▸ Work item: Below are the entries to work from; restate word for word the portion that opens with the line containing "Der Grimm-Dich-Pfad in" and closes with the line containing "Unlace Stiefelette Damen", keeping both.

▸ Source data:
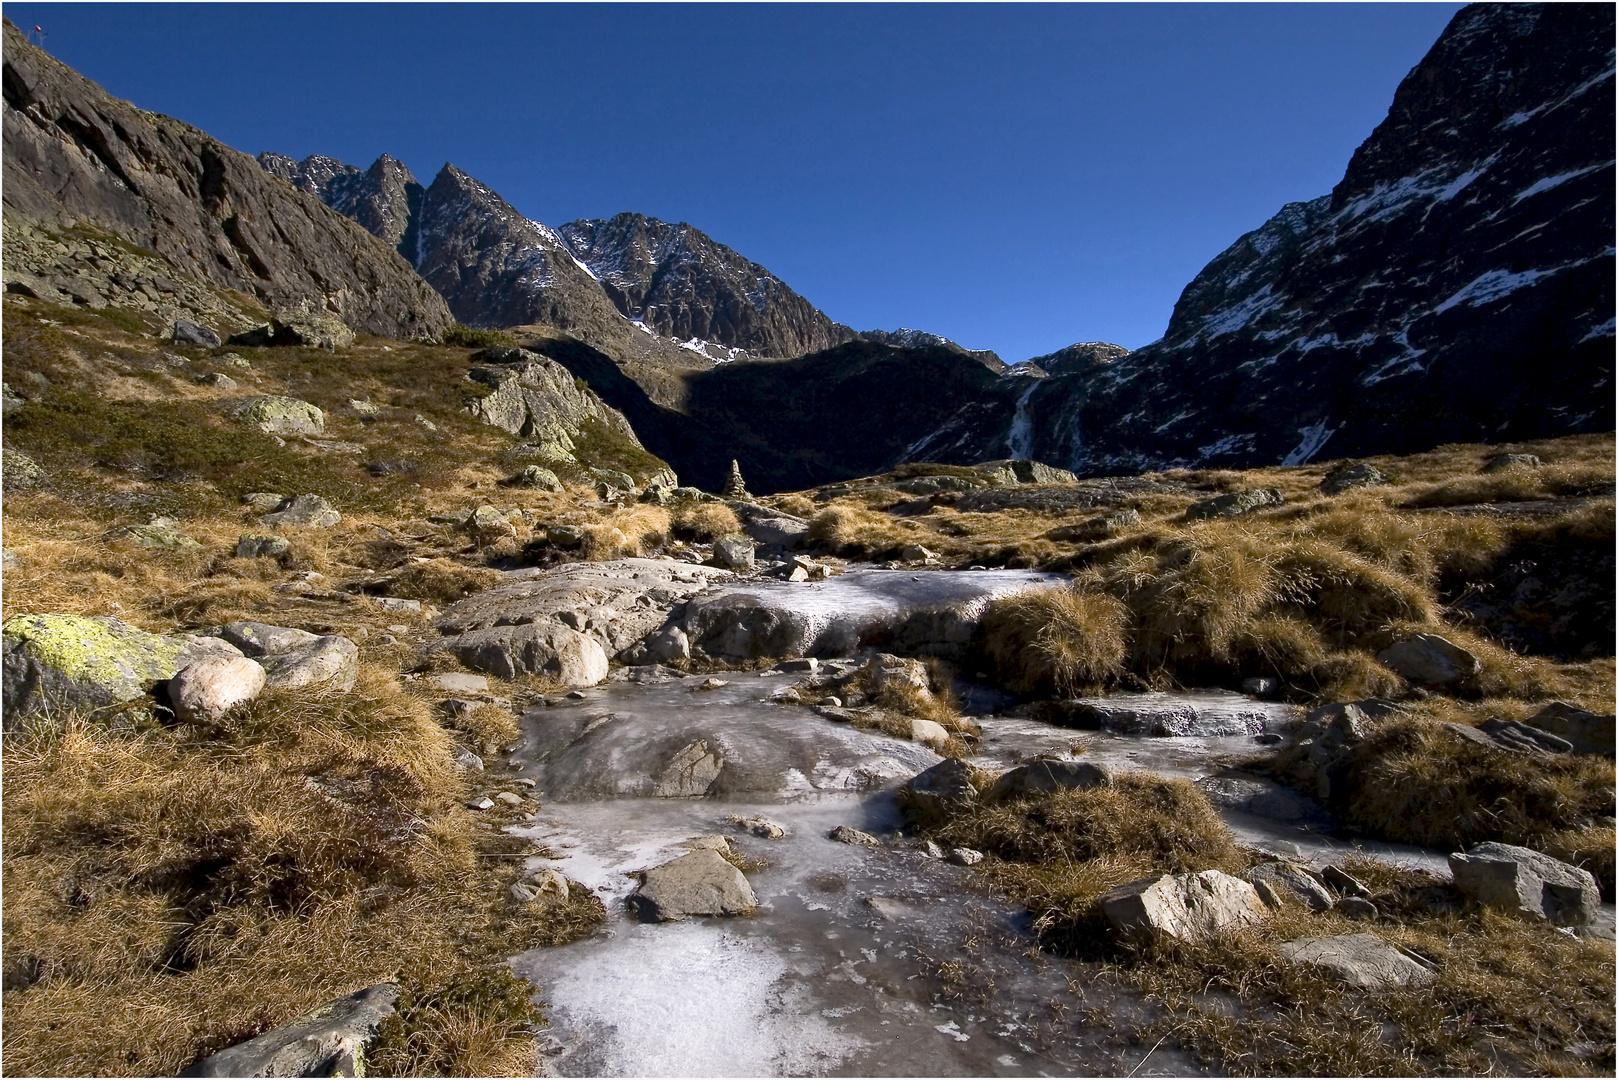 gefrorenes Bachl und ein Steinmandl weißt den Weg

--

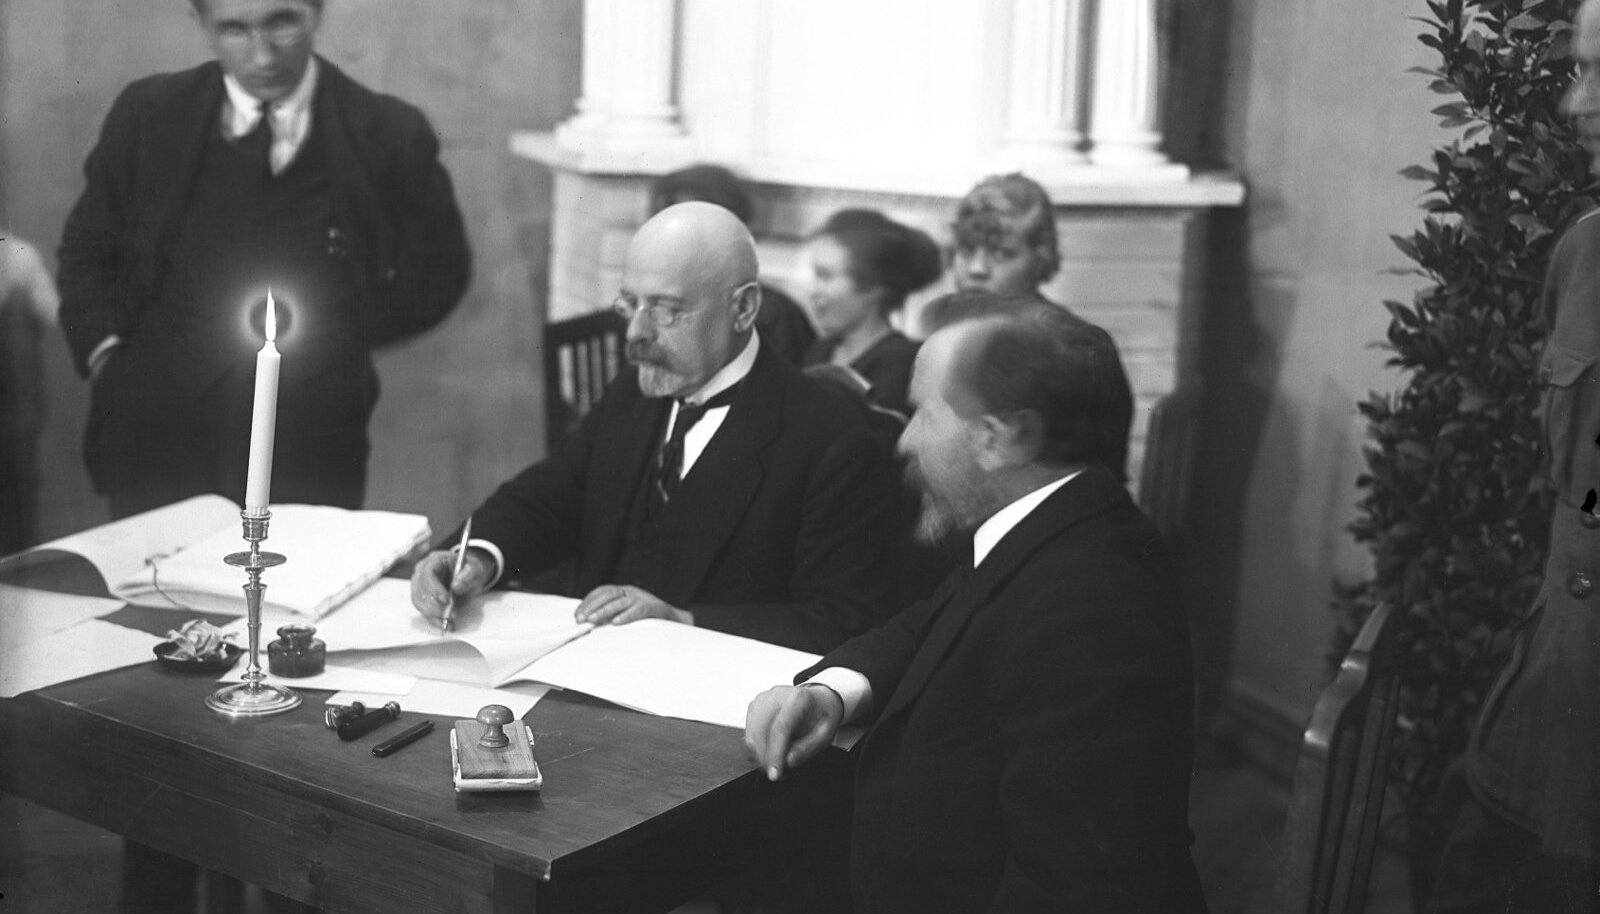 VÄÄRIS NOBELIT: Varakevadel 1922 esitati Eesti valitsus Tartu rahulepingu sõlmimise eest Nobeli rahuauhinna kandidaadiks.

---

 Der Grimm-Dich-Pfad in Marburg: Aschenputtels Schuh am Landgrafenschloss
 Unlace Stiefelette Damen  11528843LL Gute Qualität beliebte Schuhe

▸ Answer below:
 Der Grimm-Dich-Pfad in Marburg: Aschenputtels Schuh am Landgrafenschloss
 Unlace Stiefelette Damen  11528843LL Gute Qualität beliebte Schuhe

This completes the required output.